From: peter.noreply@tin.it   
      
   On Mon, 17 Nov 2025 15:25:20 -0800   
   Paul Rubin wrote:   
      
   > I'm playing with the idea of writing a Roff-like text formatter in   
   > Forth. The input is lines of text "blah blech, and this that the   
   > other...". The text lines can be arbitrarily long so I don't want to   
   > read the entire line into a memory buffer using something like REFILL.   
   >   
   > Let's say I don't have to worry about individual words overflowing   
   > memory though (segfault is not allowed, but it's ok to panic and quit).   
   > So the main loop will be to copy an input word to the output buffer and   
   > maybe flush the output buffer. The output buffer can be of fixed size.   
   >   
   > Also, some input lines will be formatting commands like ".i\n" (change   
   > font to italic).

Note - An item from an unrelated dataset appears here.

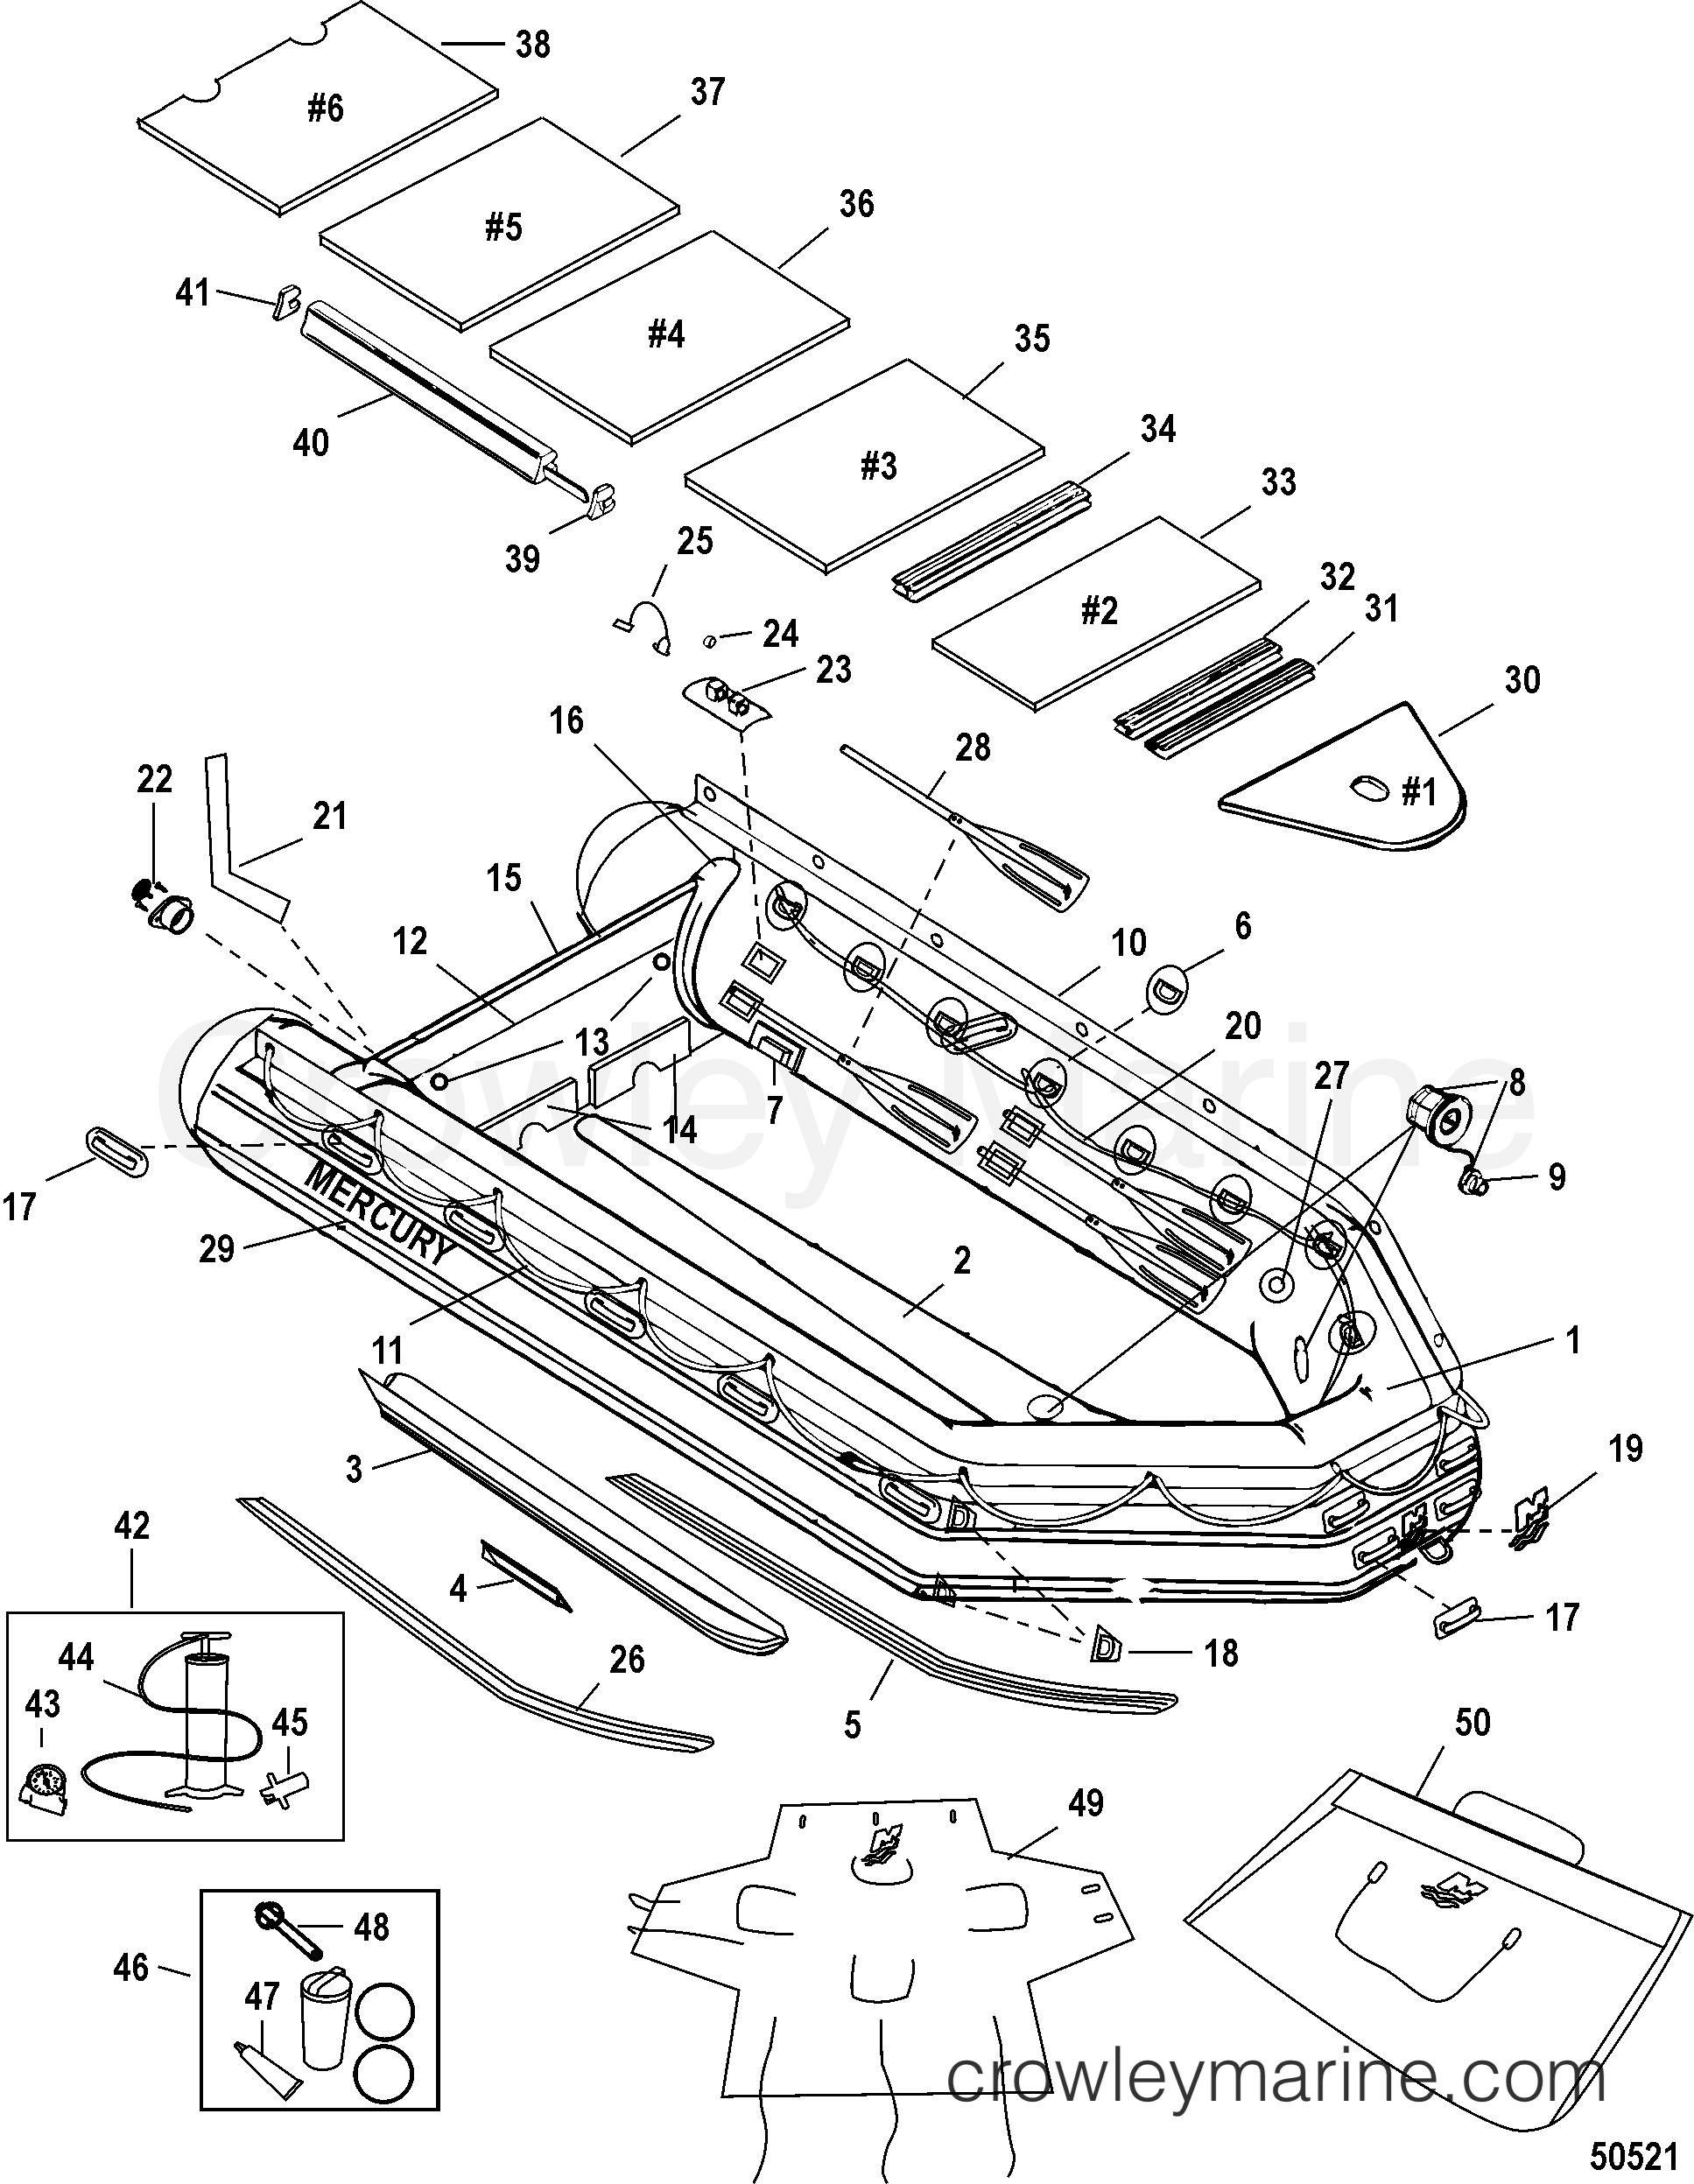 2011 Quicksilver Inflatable 270SPT [IB3] - AA270098M - TM470 PRO MODEL-PVC(BLACK- ALUMINUM FLOORS) section
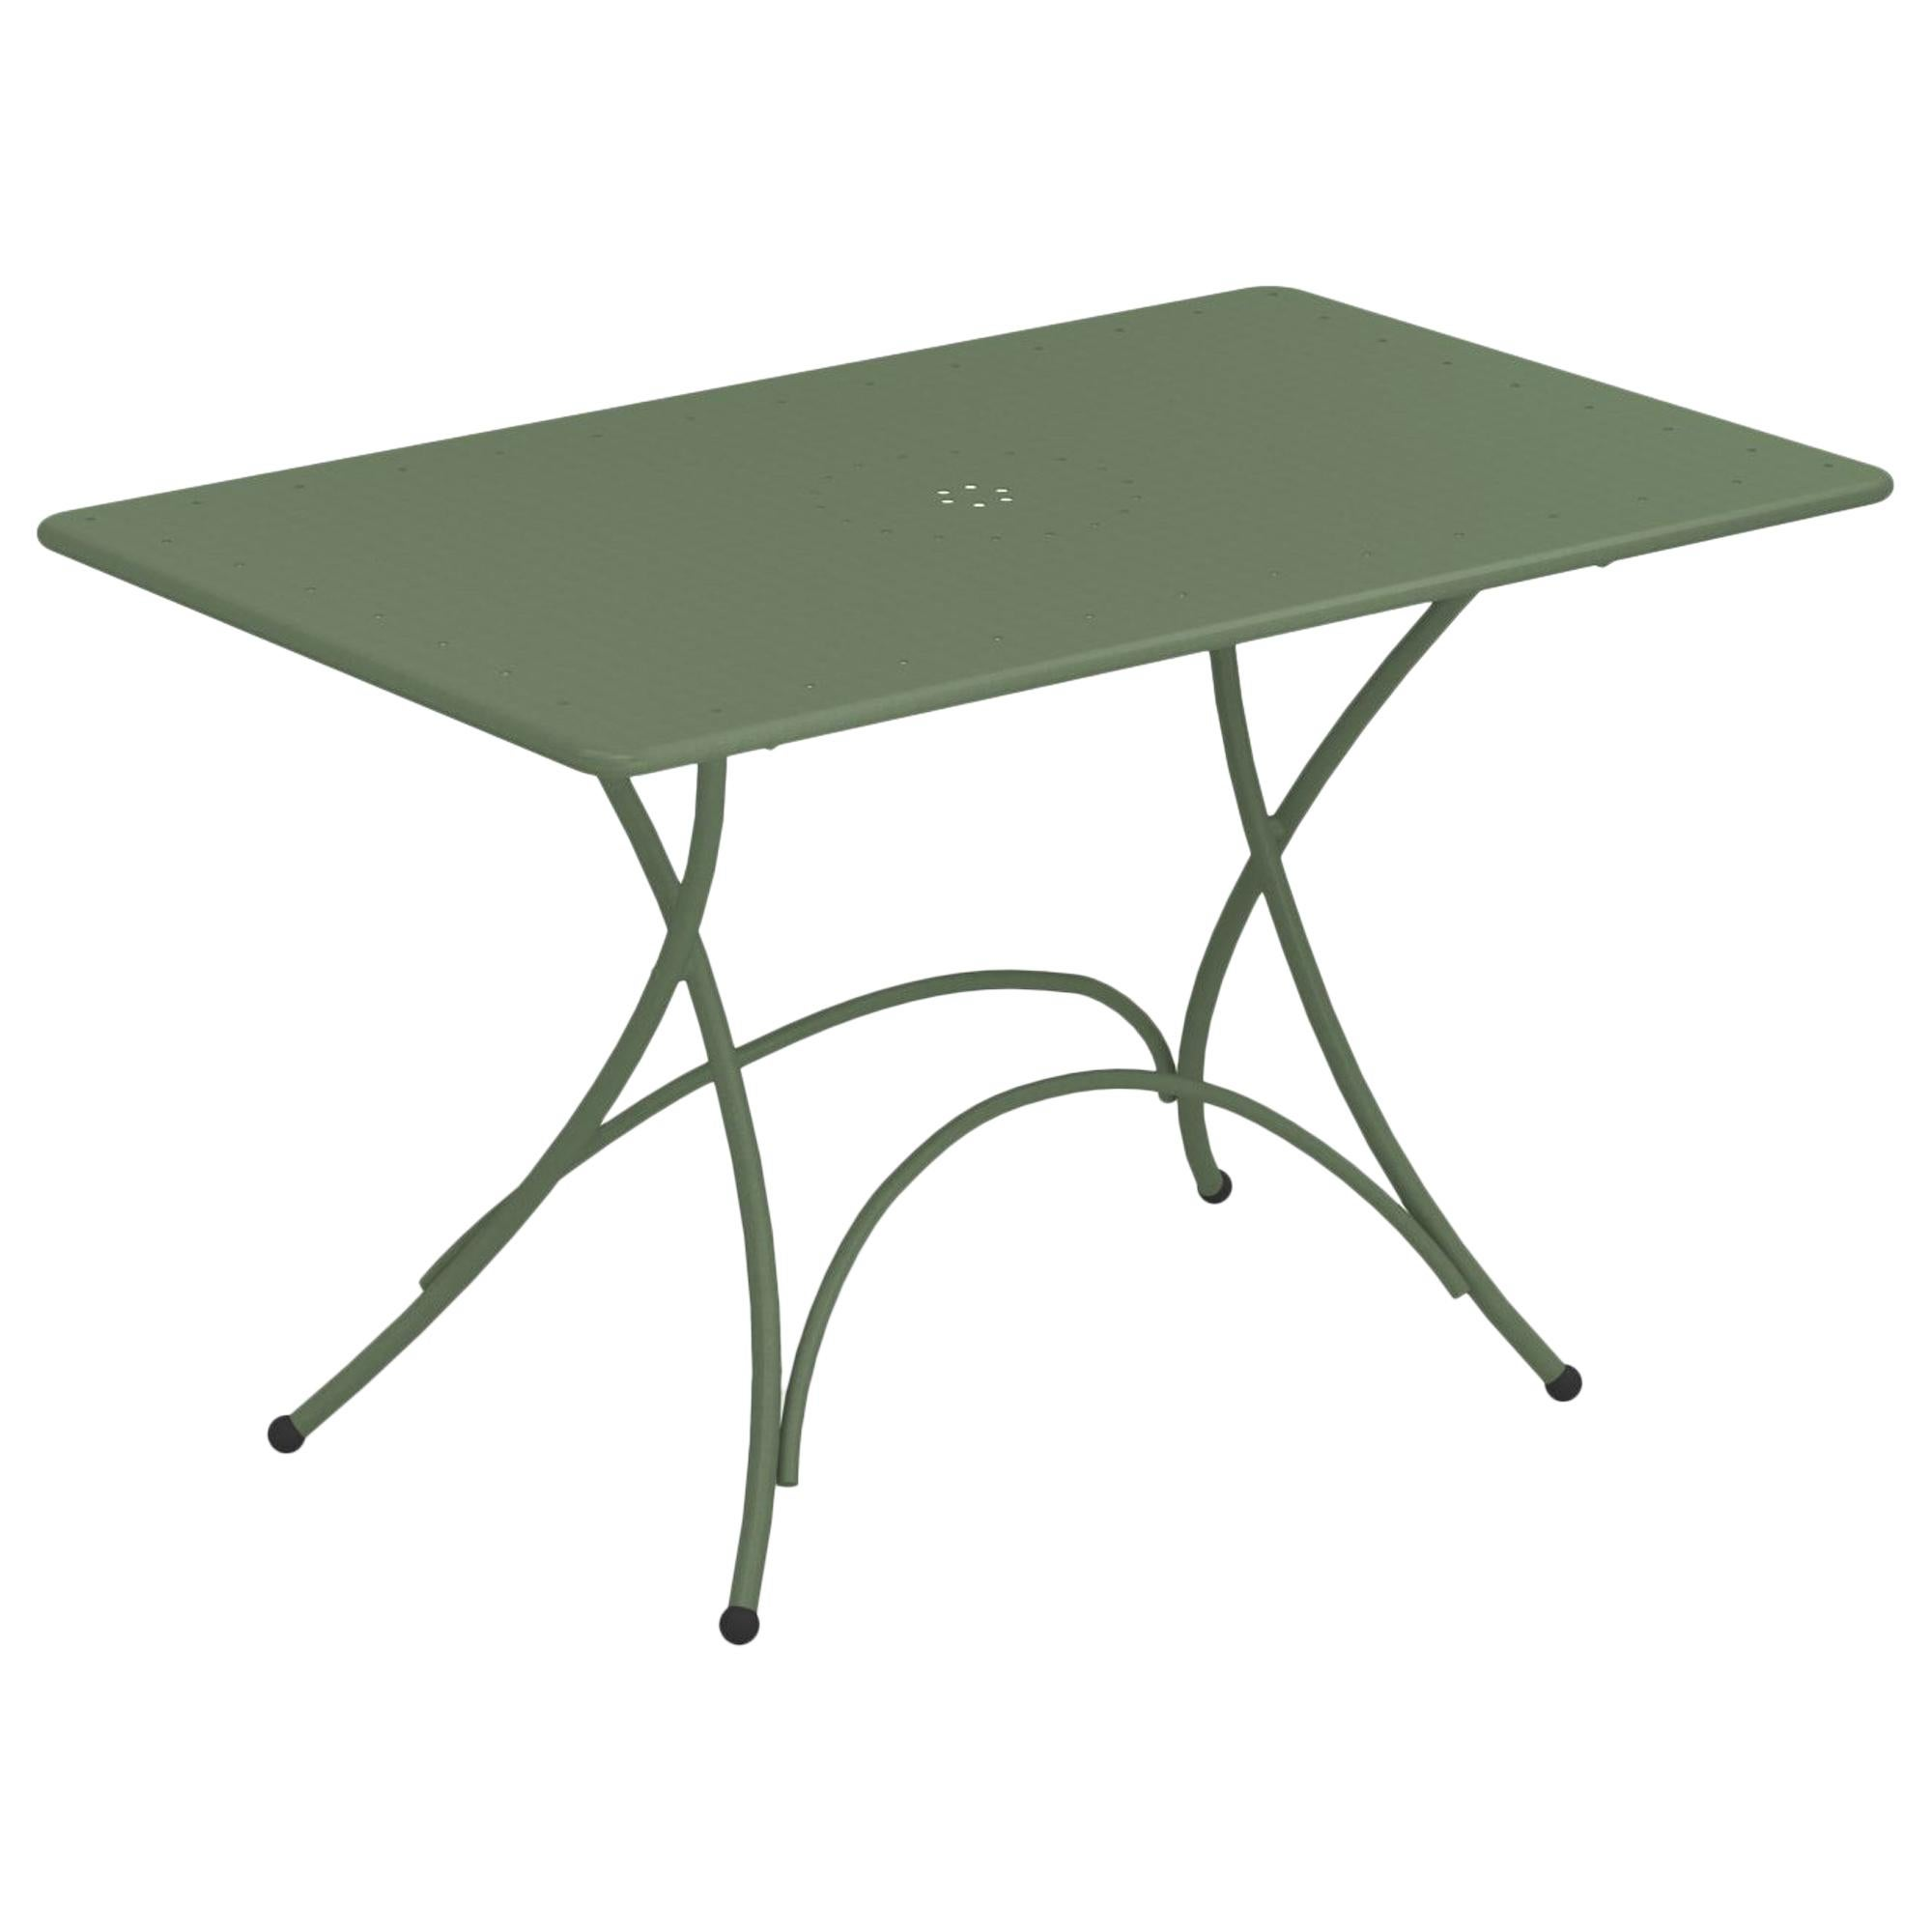 Steel EMU Pigalle 4/6 Seats Folding Rectangular Table

Those lines should be given to the Forth text   
   > interpreter.   
   >   
   > I guess I could use the FILE word set to write something like getc()   
   > with its own buffering, but that seems messy. I'm wondering if this is   
   > a common situation and there's an idiomatic solution.   
      
   In lxf and lxf64 I have the following words to support processing files   
      
   MAP-FILE ( addr len fam -- a2 l2 ior )   
   UNMAP-FILE ( a2 l2 -- ior )   
   maps a file into memory, fam is r/o or r/w   
      
   GET-LINE ( a1 l1 -- a1 l3 a2 l2 )   
   GET-WORD ( a1 l1 -- a1 l3 a2 l2 )   
   takes a memory region, returns the first line/word on top of stack   
   and remaining region below it.   
      
   Here is a simple example to count lines and words in a file   
      
   \ Process a file   
      
   variable #words   
   variable #lines   
      
   : process-line ( a l -- )   
    1 #lines +!   
    begin   
    dup while   
    get-word 2drop 1 #words +!   
    repeat   
    2drop ;   
      
   : process-file ( a l -- )   
    r/o map-file throw   
    0 #words ! 0 #lines !   
    2dup   
    begin   
    dup while   
    get-line process-line   
    repeat   
    2drop   
    unmap-file throw   
    ." the file has " #lines @ .   
    ." lines and " #words @ .   
    ." words!" ;   
      
   As Anton has already noted lxf uses this internally for parsing source files   
   Mapping the file uses memory regions outside the current process.   
   It is like first allocating memory and then reading in the entire file   
      
   BR   
   Peter   
      
   --- SoupGate-Win32 v1.05   
    * Origin: you cannot sedate... all the things you hate (1:229/2)   
|